_Task instructions_
When you reach the line that contains "The Viability of", begin copying exactly and continue through the last line below. Do not copy pictures.

(Beginning of Supplied information)

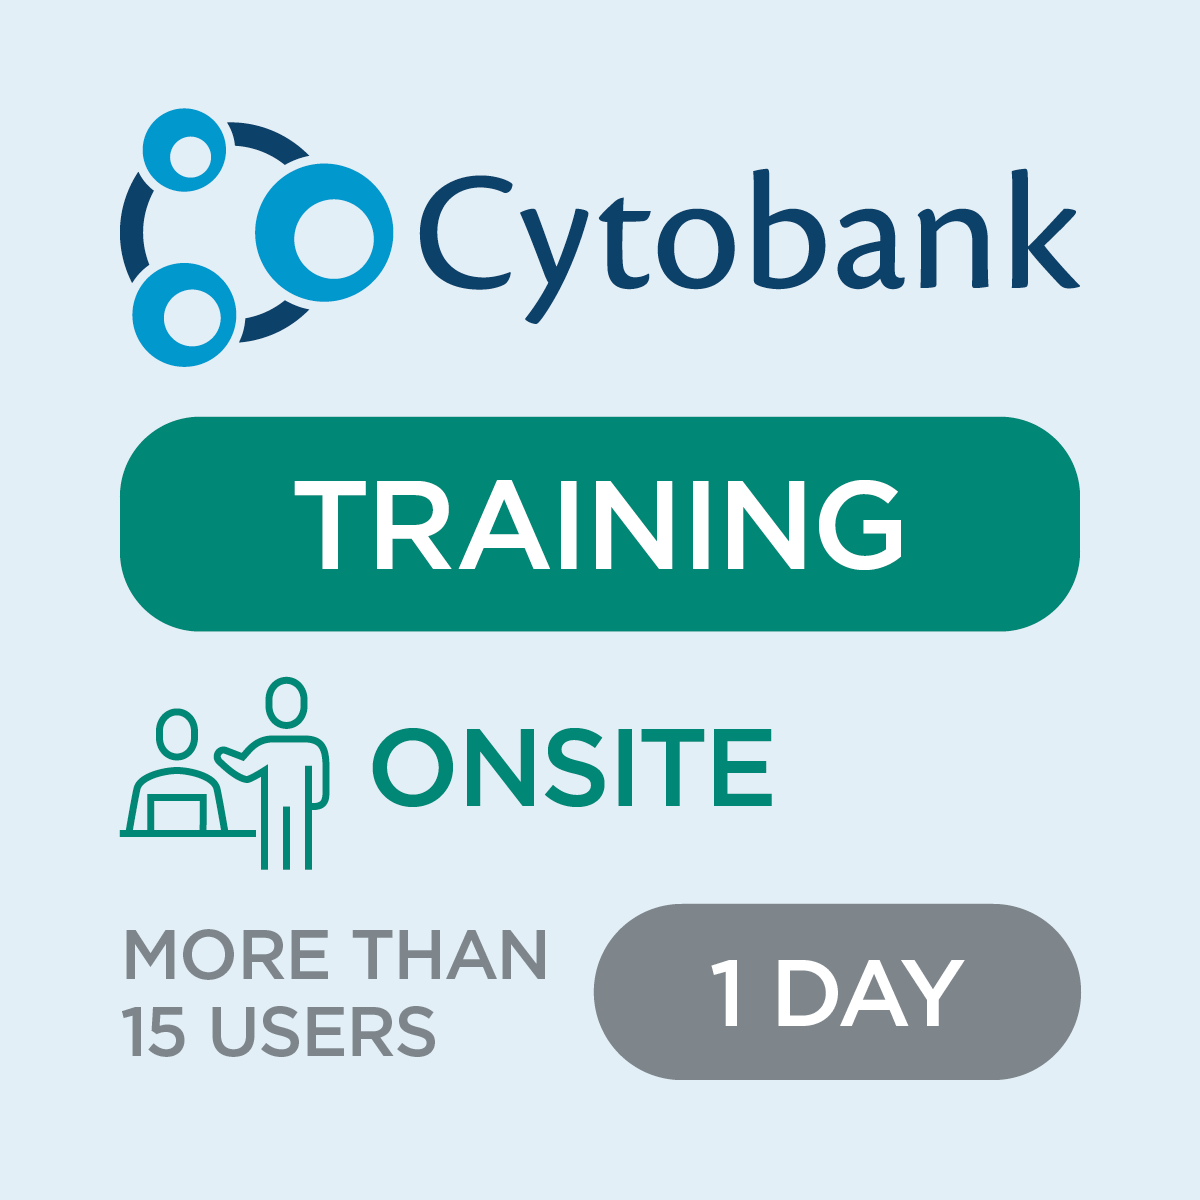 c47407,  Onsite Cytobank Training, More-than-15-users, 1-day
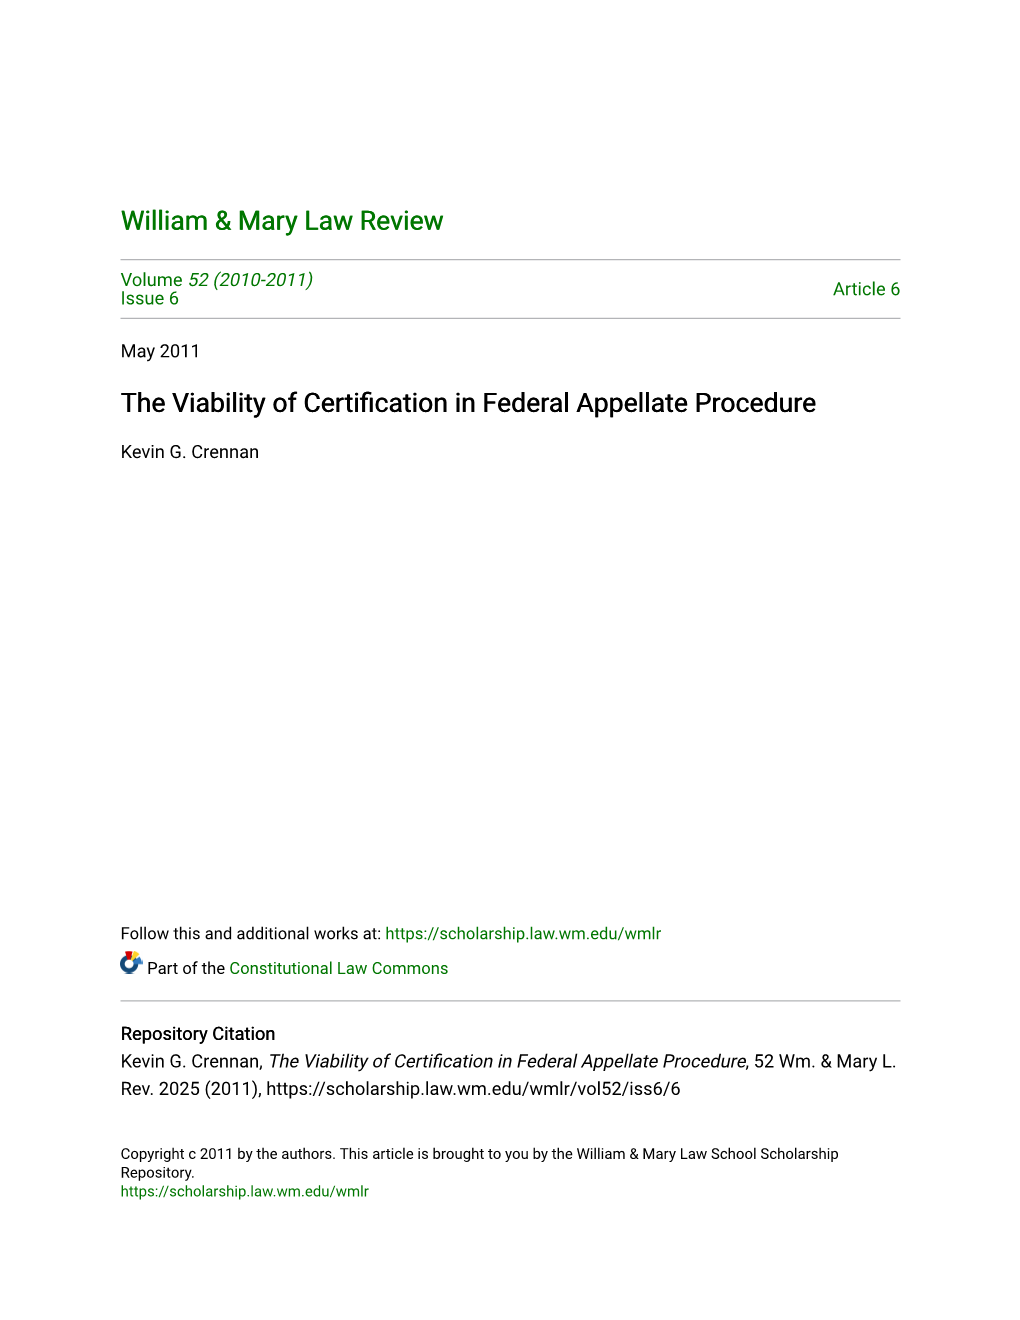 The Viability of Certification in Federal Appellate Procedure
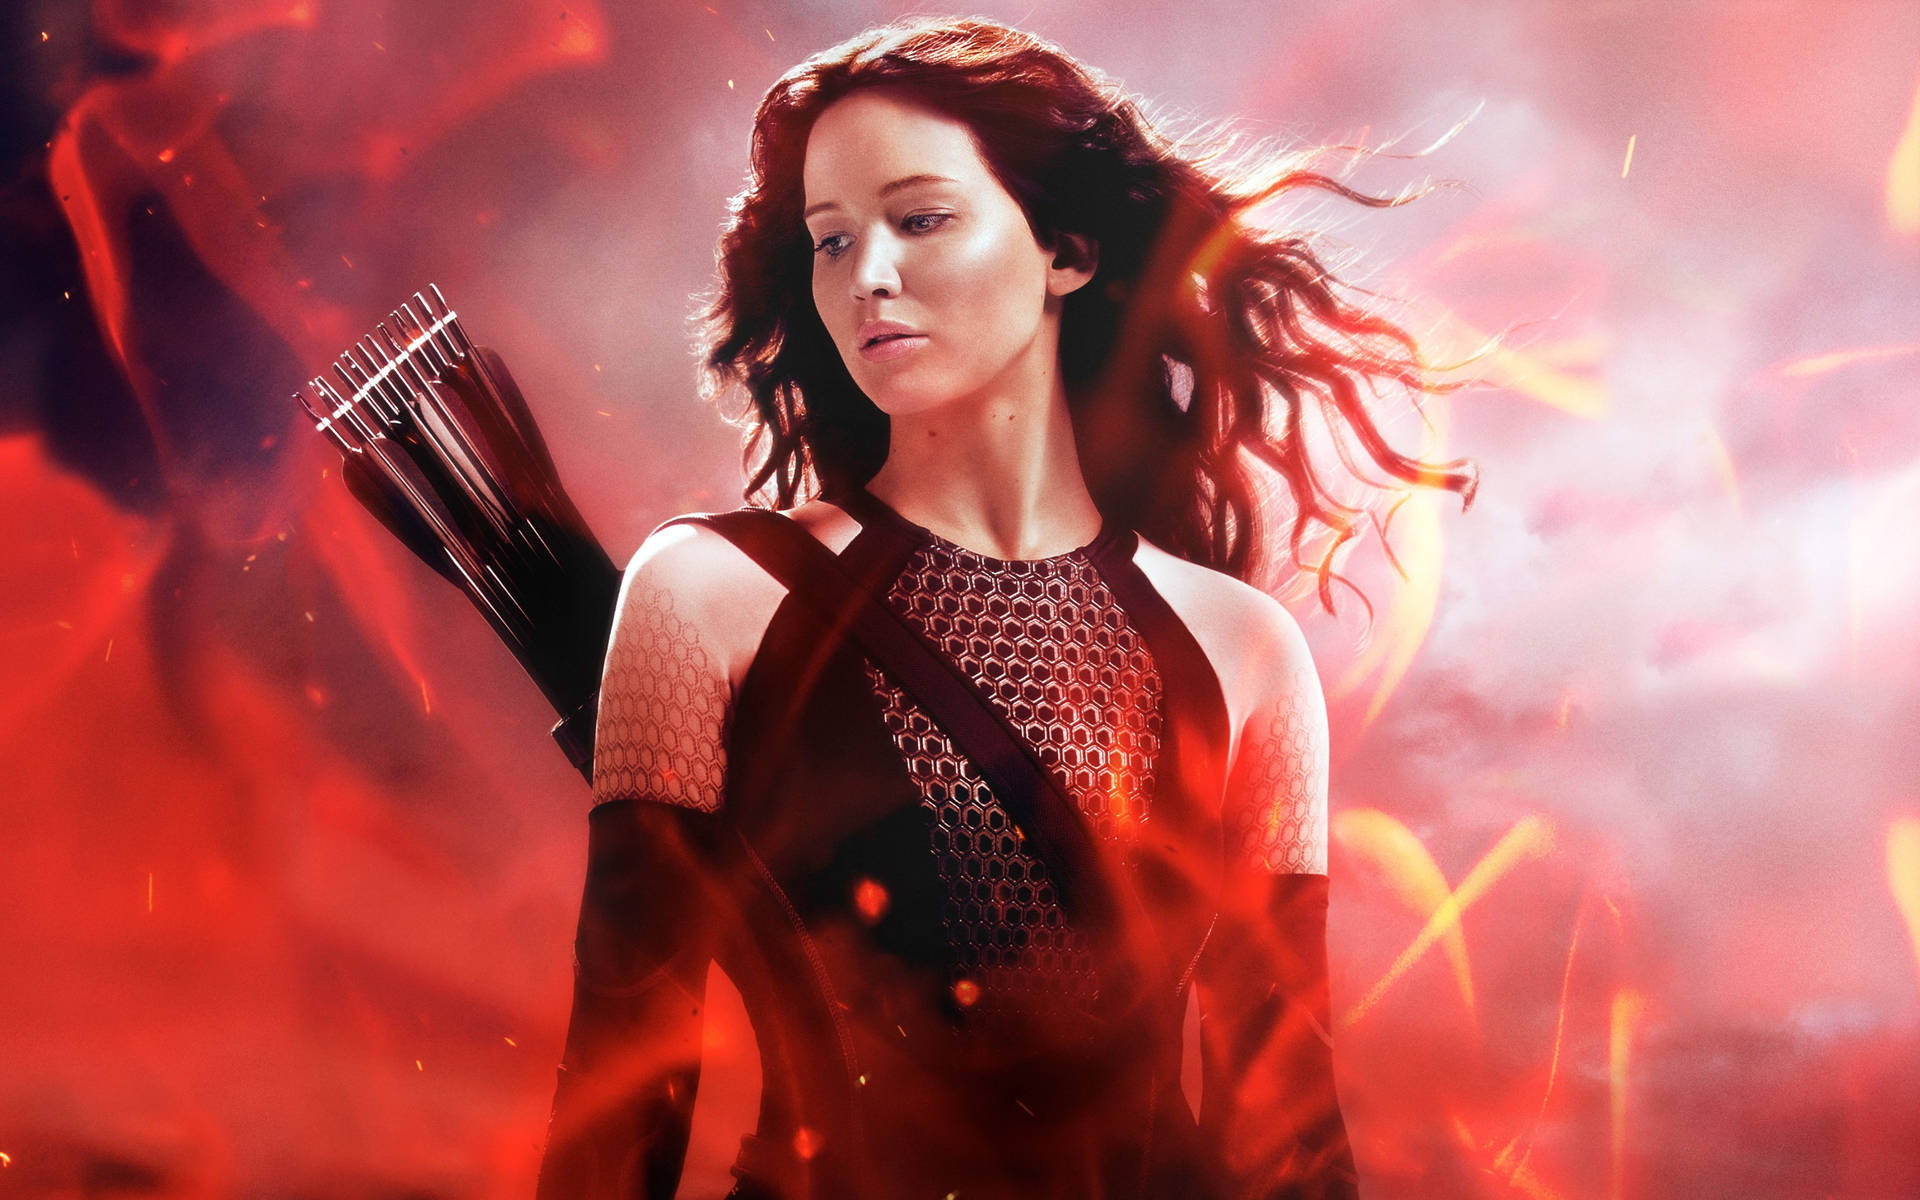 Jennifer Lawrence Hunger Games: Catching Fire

(End of Supplied information)

_Solution_
 The Viability of Certification in Federal Appellate Procedure
 Jennifer Lawrence Hunger Games: Catching Fire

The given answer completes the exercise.